Three trends are driving 2021's "off the charts" flows in exchange-traded funds, Charles Schwab's head of strategy and product David Botset says.
Total net flows are on pace to set yet another record this year, with U.S. ETFs raking in nearly $750 billion by mid-November, according to Schwab. Total U.S. ETF assets under management are north of $7 trillion.
"By all accounts, we will be over $1 trillion in total ETF flows in 2021," Botset told CNBC's "ETF Edge" on Monday.
That's due in large part to interest in environmental, social and governance investing, income-focused strategies and low-cost offerings, Botset said.
"We've talked about the growth in ESG investments and we're seeing that category take off, with flows over 50% greater in 2022 than we saw last year," he said.
Schwab launched its first-ever ESG ETF last week.
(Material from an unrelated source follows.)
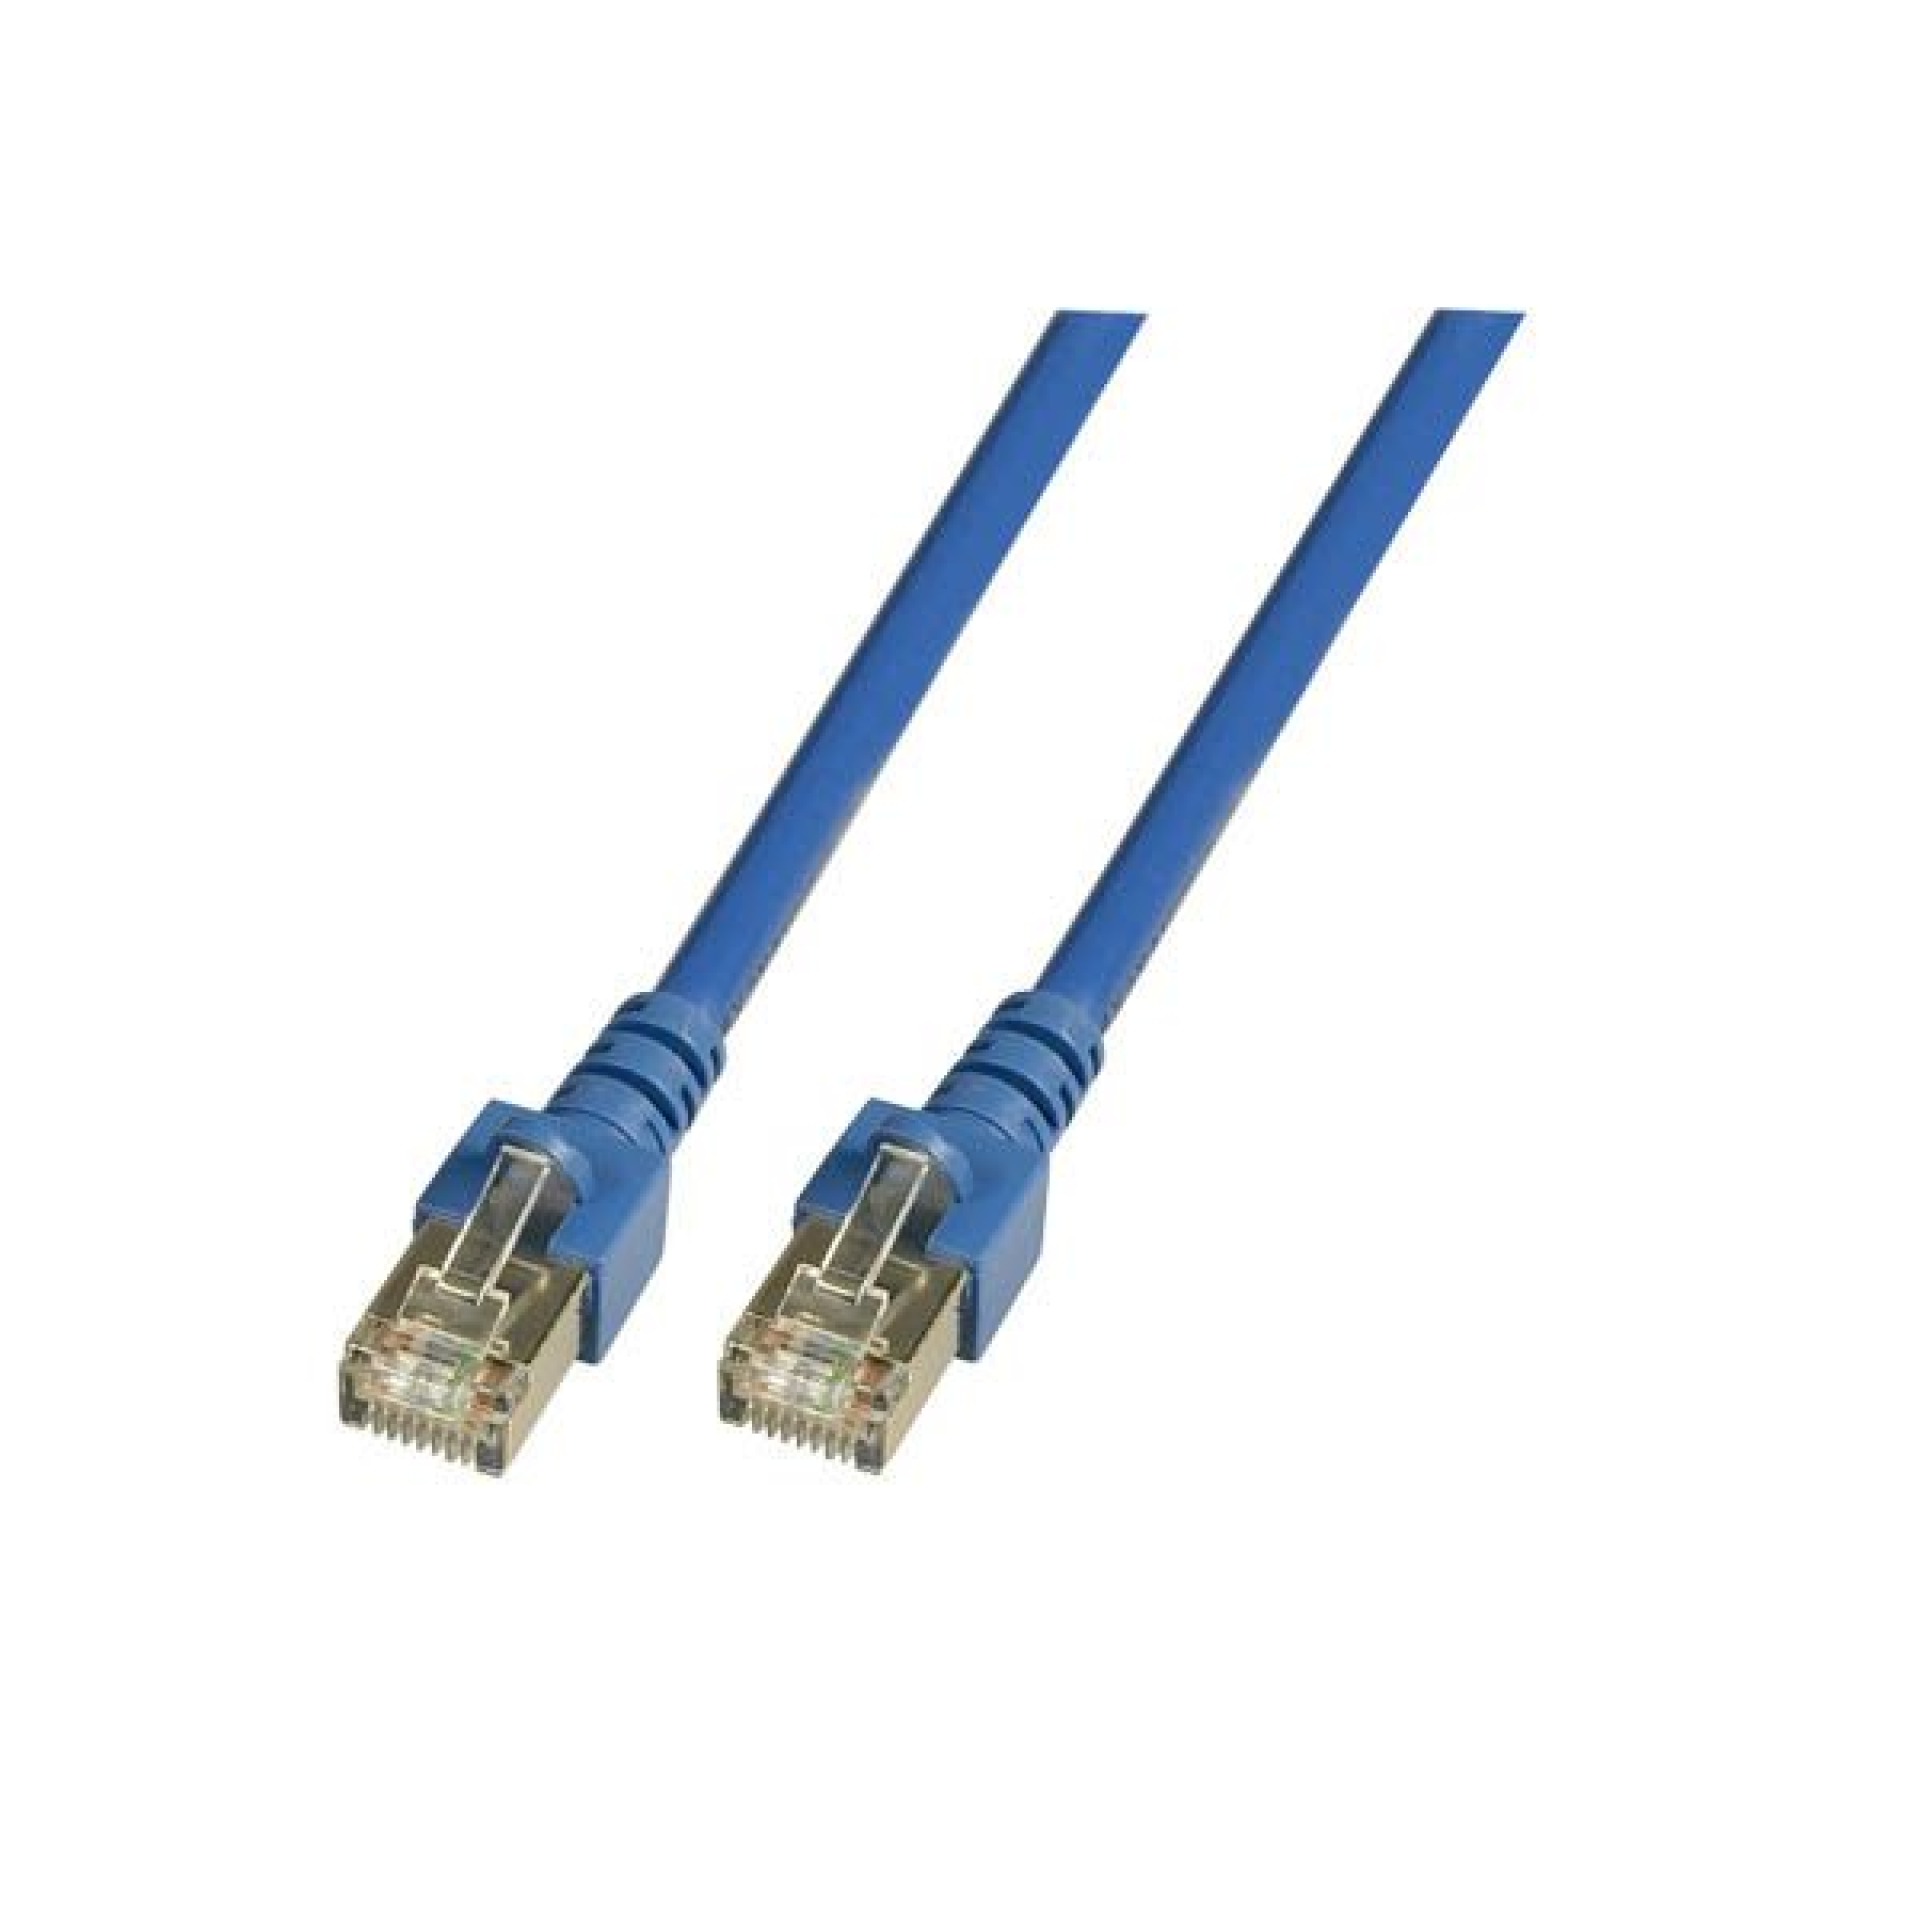 RJ45 Patch cable SF/UTP, Cat.5e, PVC, CCA, 2m, blue
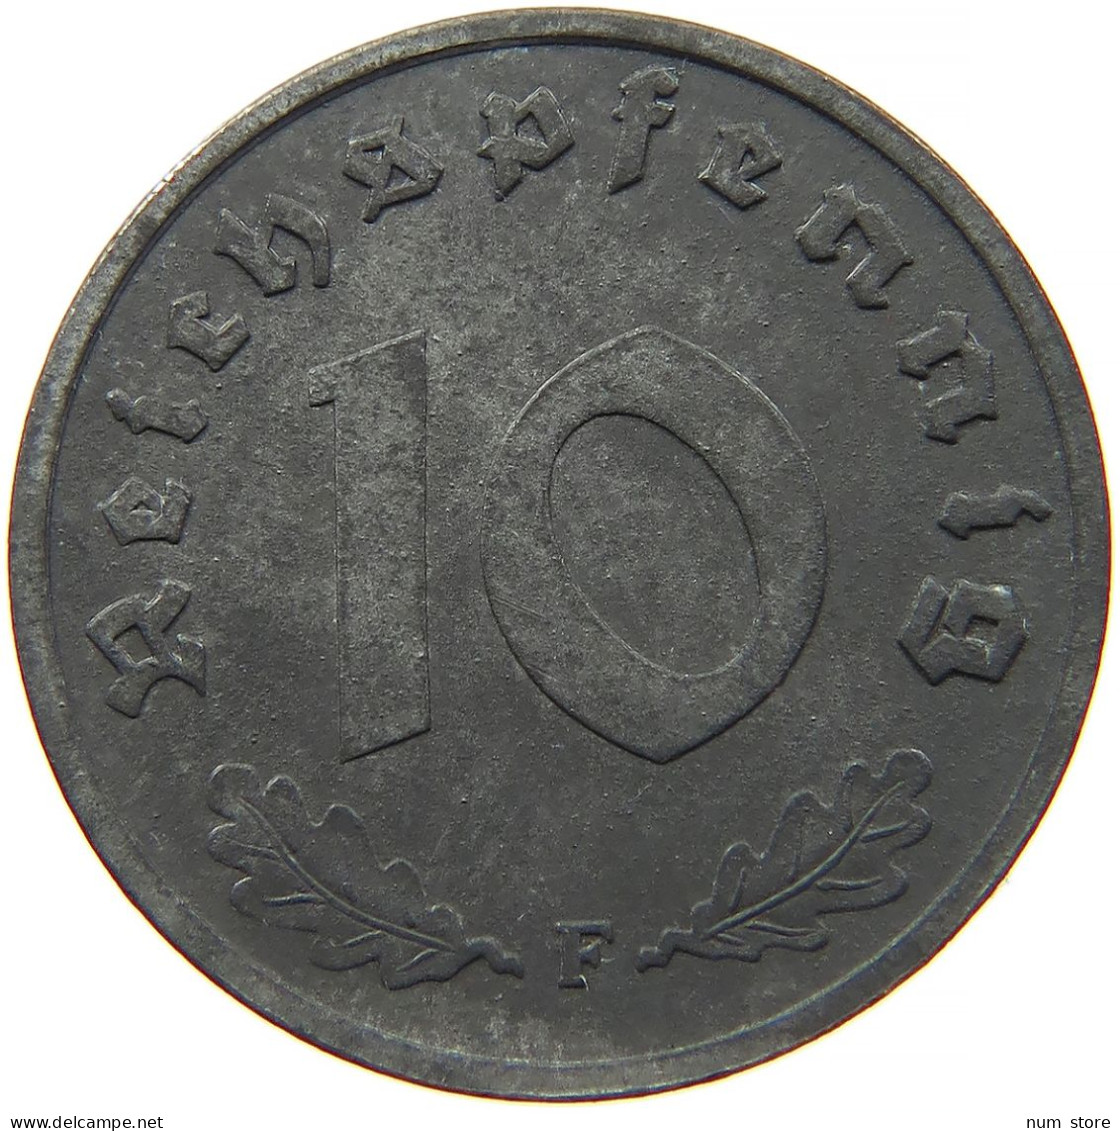 ALLIIERTE BESETZUNG 10 REICHSPFENNIG 1948  #t028 0357 - 10 Reichspfennig

It will focus on small and mid-cap companies, which Botset said will set it apart from large cap-heavy peer offerings.
"At the same time, you've got a huge number of individuals that need income, that are transitioning to retirement," he said, "and in a low interest rate environment it's challenging to find that income."
Dividend and income-oriented products have captured some $30 billion in flows this year as a result, Botset said.
As for low cost, it's "the trend that never goes out of style," he said.
"Sixty percent of the flows in 2021 so far have gone to ETFs with expense ratios of 10 basis points or less," he said.
As the stock market churns on renewed Covid-19 fears and concerns around rising inflation, ETF Trends CEO Tom Lydon sees it as "healthy pessimism," even if the declines are "a little bit overdone."
"Last year we saw an equal-weight S&P 500 do better than the cap-weighted S&P 500, but it's back to the old story," Lydon said in the same interview.